Христиан, которые живут в данных странах, надо называть живыми мучениками – ведь они живут среди коварных и неверных людей.
То же самое, и даже хуже, произошло с Западом:
«Где державный Рим, в котором издревле пребывали наместники апостола Петра, папы? Где Италия, которую сами апостолы украсили благоверием? Где славная Испания, в которой апостол Павел насаждал благочестие? Где многолюдный город Милан, в котором великий Амвросий правил благочестиво? Где Карфаген? Где Галлия? Где великая Германия? Где народы других западных стран, в которых Христово Евангелие проповедовали апостолы и их наместники, и которые, словно многочисленными яркими звездами, были украшены знаменитыми епископами... Где все они? Не обратились ли в различные ереси? И не превратились ли... в непримиримых, страшнее неверных, врагов правоверия?»
Изничтожив Восток и Запад, Курбский переходит к обличению русской действительности. По его мнению, Россия времени Ивана Грозного стоит на краю постыдной гибели:
«Неблагодарные
Кризис России – по Курбскому, кризис духовный, кризис веры и благочестия. В нем виновны прежде всего священники:
«Посмотрим же на священническое сословие... они не только не обличают бесстрашно царя с помощью божественного откровения, а, наоборот, поощряют его. Они не защищают вдов и сирот, не помогают пребывающим в бедах и напастях, не выкупают пленных из плена, а приобретают себе земельные владения, строят огромные дома, купаются в многочисленных богатствах и вместо благочестия украшают себя добычей. Где тот, кто мог бы запретить царю и его сановникам творить беззакония по всякому поводу?»

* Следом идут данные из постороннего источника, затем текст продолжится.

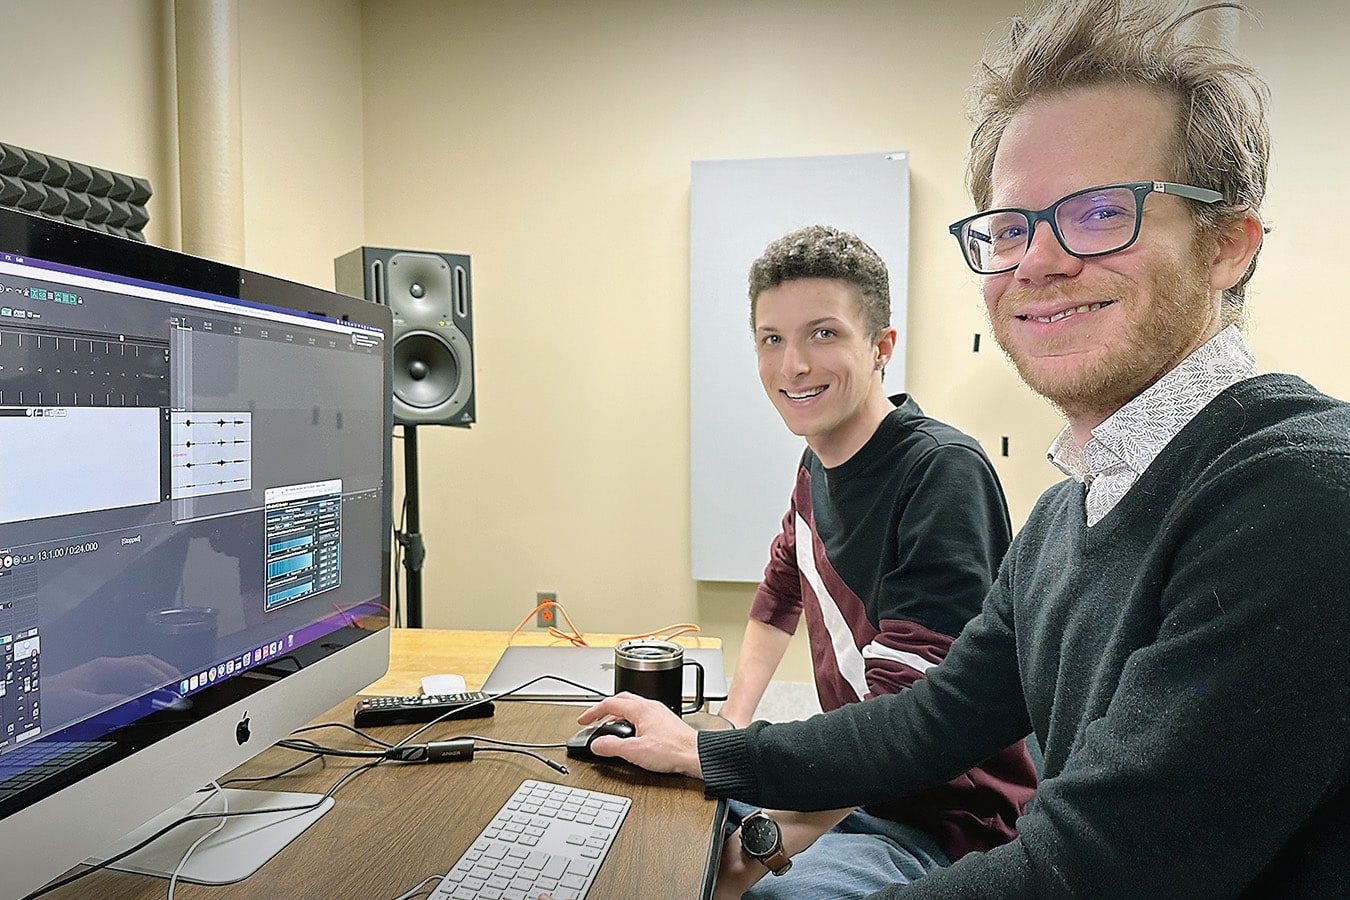 DSU student Carter Gordon is collaborating with Dr. Tate Carson on “Resonant Landscapes: Soundscapes of South Dakota,” a research project which will use field recordings from South Dakota state parks to electronically create music.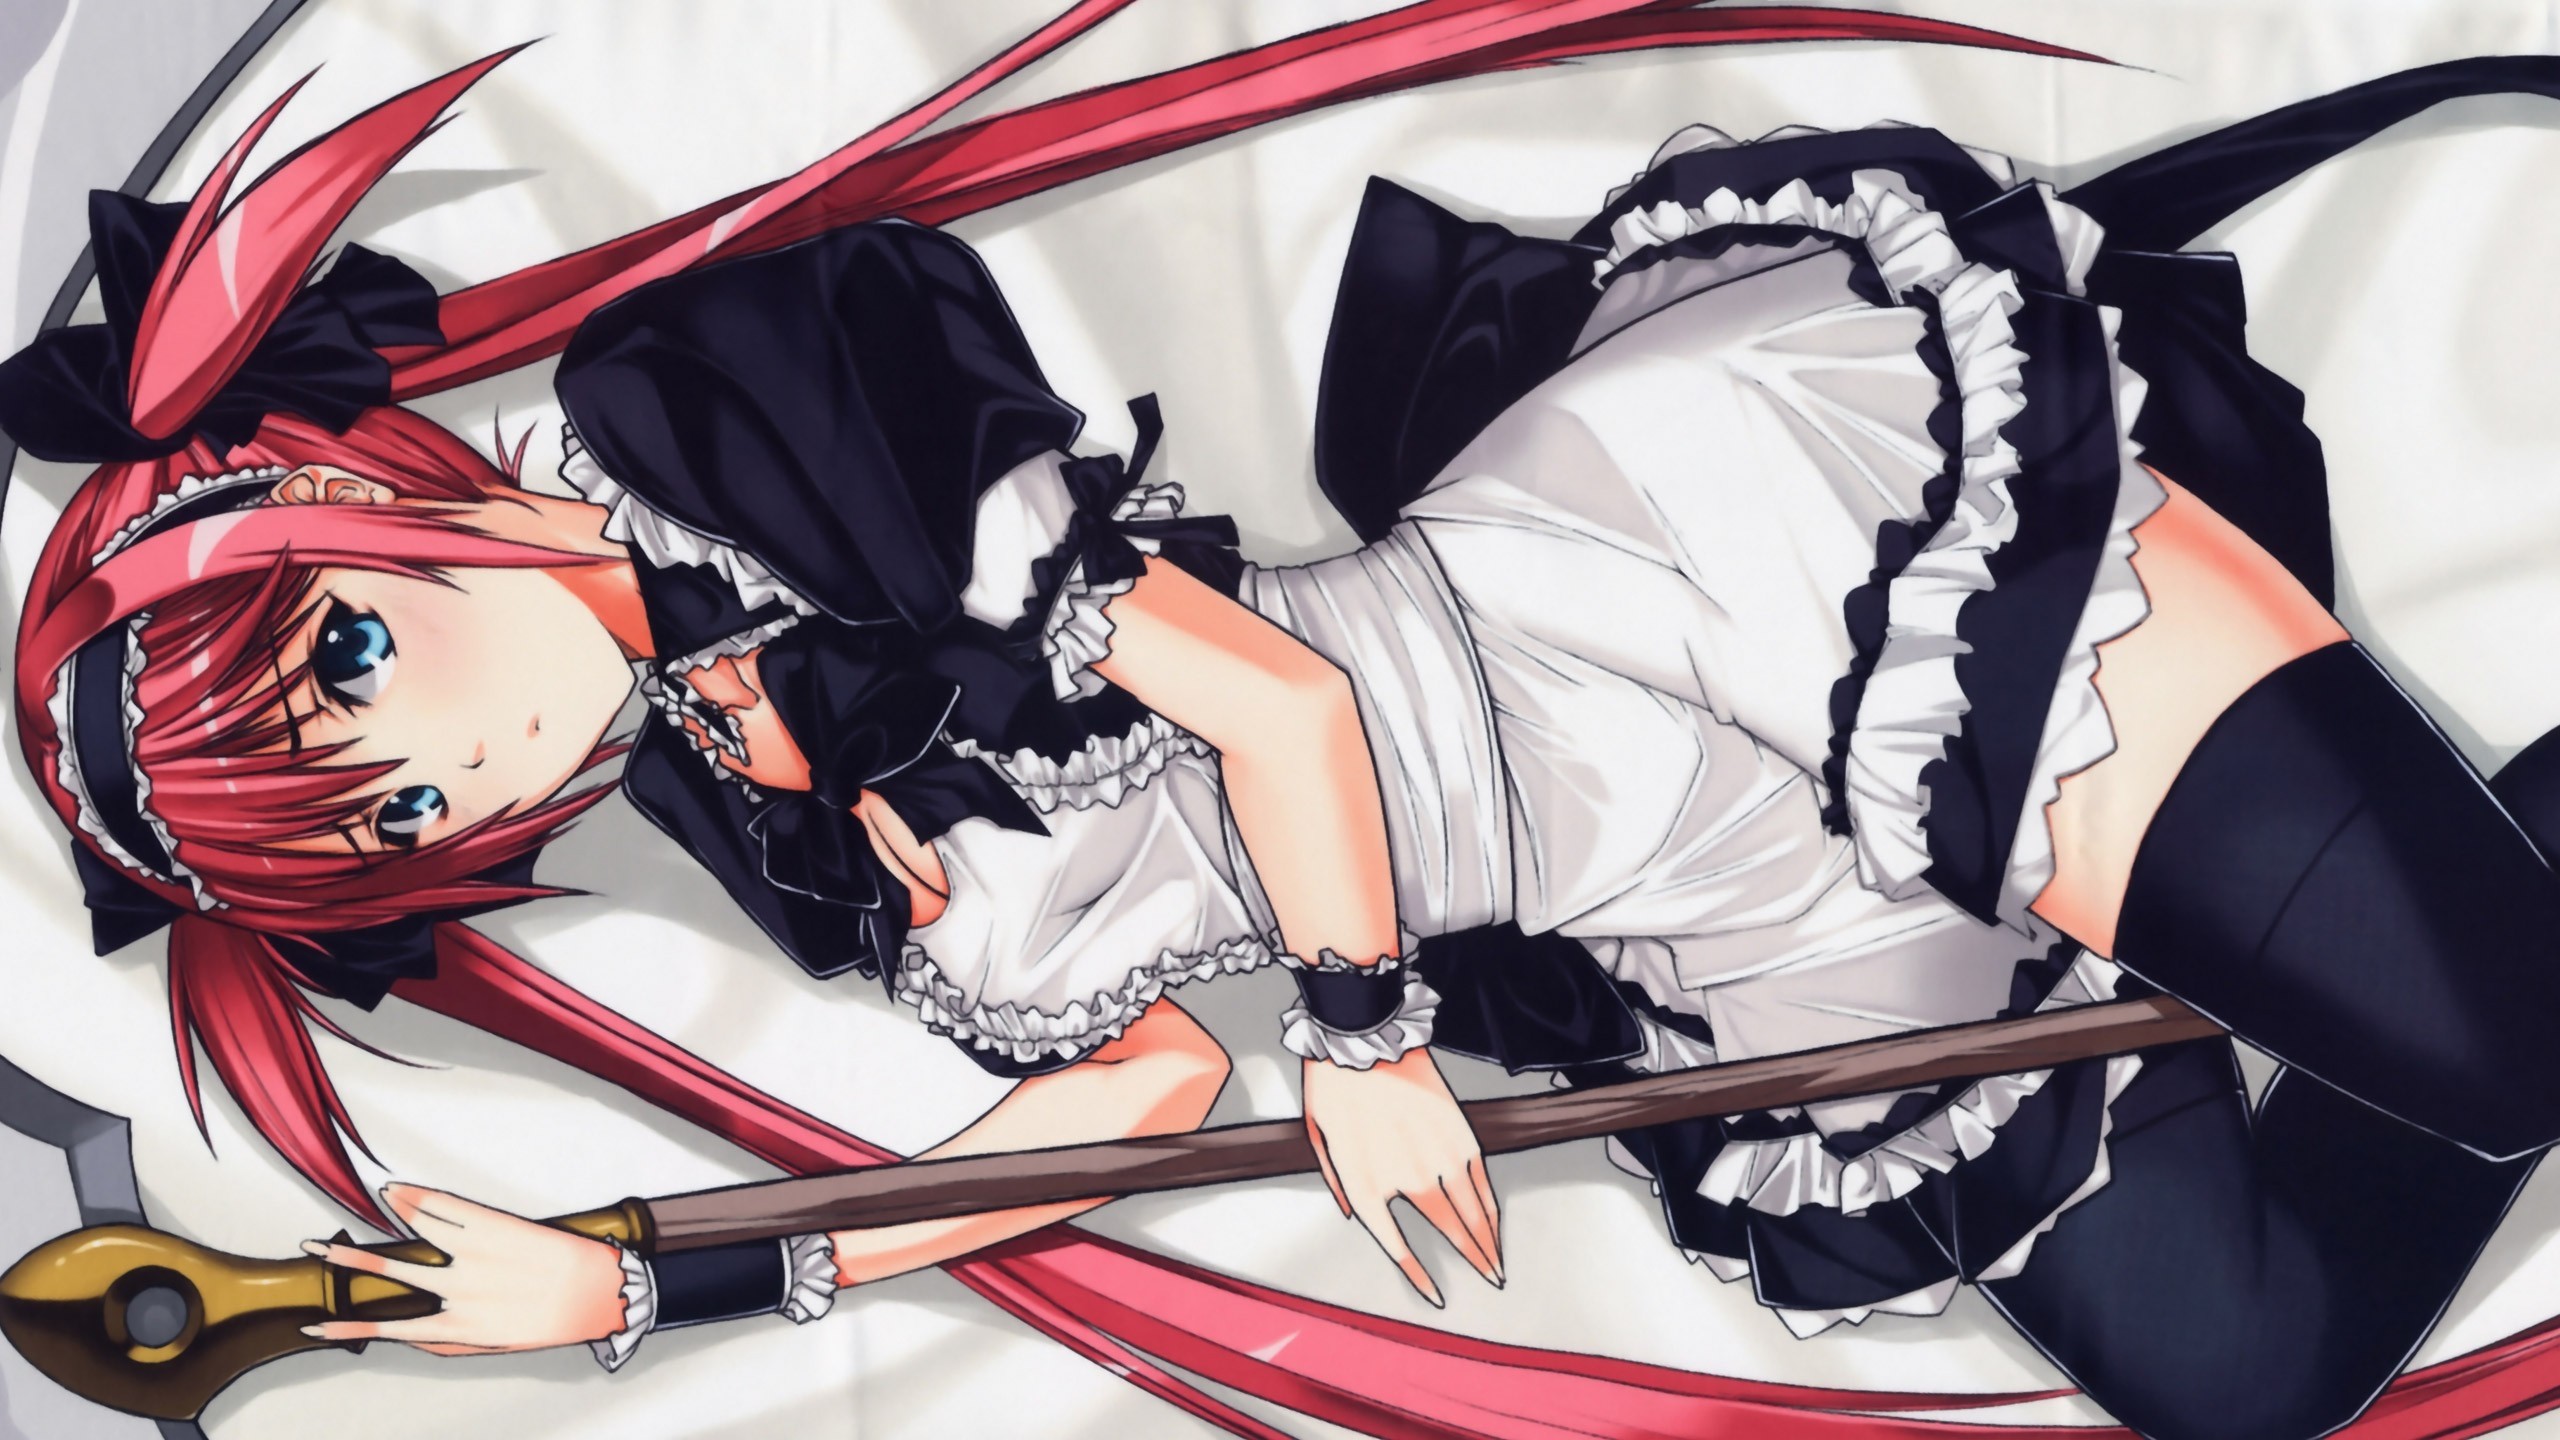 Maid Girl Anime Queen S Blade Wallpapers And Images Wallpapers

Пафос обличений Курбского с каждым словом нарастает, а обвинения власть предержащих становятся все страшнее:
«Кто теперь без стыда произносит евангельские слова и кто готов душу положить за своих братьев? Я не знаю такого. Но вижу, как все лицо нашей земли объято жесточайшим пожаром и как множество домов исчезает в пламени бед и напастей. Кто придет и избавит нас от этого? Кто погасит пожар и избавит братьев от столь жестоких бед? Никто!.. Все думают лишь о своем богатстве и, ухватившись за него, простираются перед власть имущими, льстят им и заискивают перед ними, лишь бы только сохранить свое богатство и приумножить его. А если и сыщется кто-нибудь, кто говорит, выполняя Божью волю, о правде, то такого власти осуждают и, после многих мучений, предают страшной смерти».
Курбский описывает бесчинства монахов, обуреваемых страстью стяжания, разорение, нищету и развал армии, страдание купцов и крестьян от непомерного налогообложения. Если воспринимать его обличения всерьез, то тогда Россия действительно оказывается на краю гибели. В такой стране невозможно жить. Князь и приходит к этому выводу:
«Грустное зрелище и горький позор! Из-за таких невыносимых мучений иные тайно убегают из Отечества; иные же своих любимых детей, плоды чрева своего, продают в вечное рабство; иные своими руками предают себя смерти – или удавляя себя, или бросаясь в быструю реку, или иным каким-нибудь способом – от горя естественная чистота их сознания помутняется».
Курбский, хоть и жалеет таких несчастных жертв царского произвола, не считает это выходом. Он убежден, что Россия, да и весь мир, стоит на пороге Страшного суда, который и избавит праведников от бесчинств грешников: «...ибо приближается уже час нашего избавления!.. блаженны же, трижды блаженны будут страдающие от них, ибо близок уже час отмщения за них». Спасение – в покаянии, обращении к Богу, соблюдении истинных заповедей. Причем князь раскаивается, что и сам грешил и был близок к грешнику-царю: «Горе и мне, несчастному, внявшему совету моего врага и в течение многих дней затвердевшему в таких нравах!» [88]
88
Второе послание Вассиану Муромцеву // Там же. С. 505 – 515.